American writer and producer (1931–2024)

Bob Booker (August 1, 1931 – July 12, 2024) was an American writer and producer of television shows and record albums. He is best known for producing the 1962 album The First Family with Earle Doud. The album is a parody of President John F. Kennedy and his family, and it both remained at #1 on the Billboard 200 for 12 weeks and won a Grammy for Best Album of the Year in 1963.

==Early career==
Booker was born in Jacksonville, Florida, on August 1, 1931. He graduated from high school at age of 16. He was first employed as a local radio DJ. A new television station began operation and Booker was hired at the age of 18, where he worked as a TV host, news anchor, weatherman, camera operator, set builder, film editor, program producer and director. He was later drafted into the army during the Korean conflict and was stationed at Ft. Bliss in El Paso. Because of his background in radio and television, he was placed on staff for the commanding general, doing PR for the base. Discharged after two years, he moonlighted as a talent manager and became station manager of WIVY in Jacksonville.

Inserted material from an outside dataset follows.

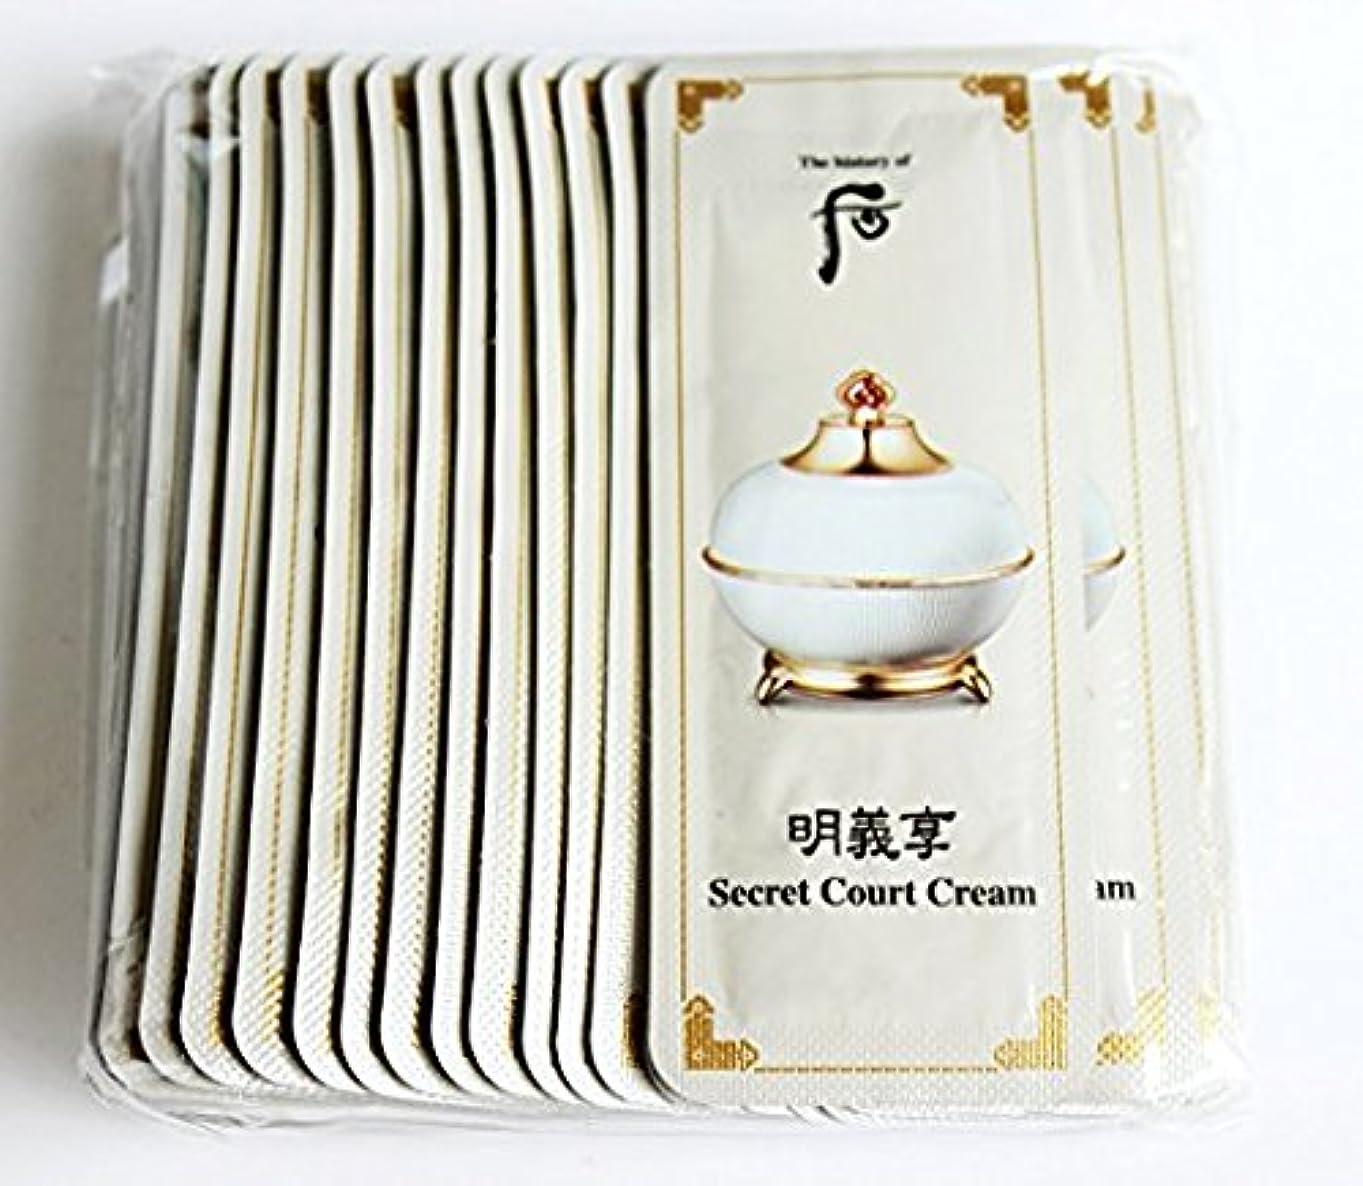 屈辱する複雑でない排泄するThe History of Whoo Myeonguihyanng Secret Court Cream [Sample 1ml × 30ea]/ザ ヒストリー オブ フー(后) 明義享 シークレット コート クリーム [サンプル 1ml × 30枚]
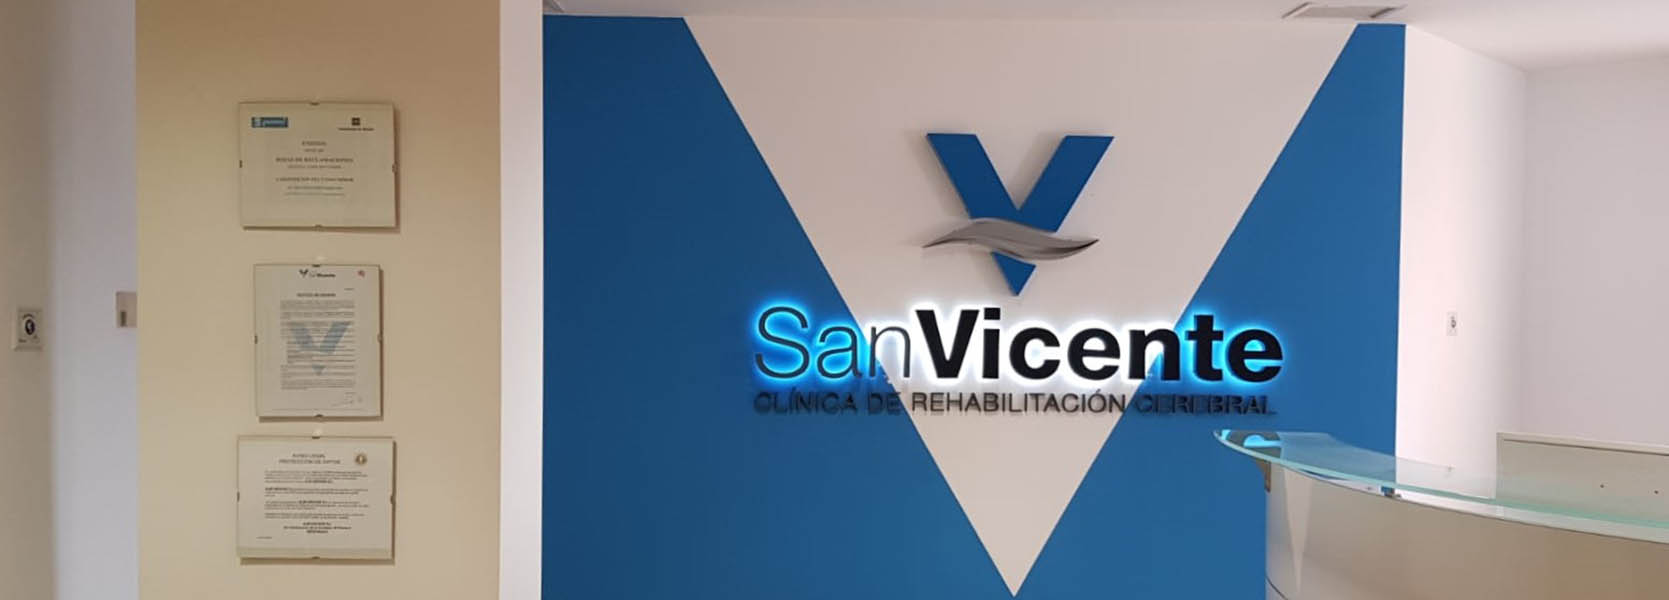 Clínica San Vicente

In 1958, Booker was hired by Miami's WINZ AM radio for their afternoon drive slot. He ingratiated himself with all the top entertainers who frequented the popular winter vacation spot through one-on-one interviews. Celebrities like Jack Benny, Nat Cole, Martha Ray, Andy Williams, Ray Charles, Mort Sahl, Ava Gardner, Gloria DeHaven, Sinatra - many became lifelong friends. He also did on-air work at two local TV stations, and hosted weekend shows. In 1960, he left Miami and relocated to New York City.

==New York City==
Booker discovered it was not easy to start a career in the Big Apple, as an MCA agent got him exactly one TV pilot hosting job in one year. He made friends with local writers, including Pat McCormick (who later wrote for Johnny Carson) and Earle Doud. He and Doud began some writing projects, which included a series of gag record greeting cards, an article for Playboy magazine and their ultimate brainchild: a comedy album spoofing the President of the United States.

Booker and Doud cast Vaughn Meader, who they saw via the Talent Scouts TV show, as JFK and Naomi Brossart, a model and actress, as Jackie. They cut a demo record and made their first pitch to Capitol Records. After hearing the demo, an executive and friend of Booker, said: "I wouldn't touch it with a 10-foot pole!" Dejected, the two considered other labels and ended up at ABC Records who referred them to ABC President Leonard Goldenson. He passed because of FCC concerns, but suggested a small record label, Cadence Records, owned by Archie Bleyer. Bleyer liked the concept and signed the two writers to a record deal.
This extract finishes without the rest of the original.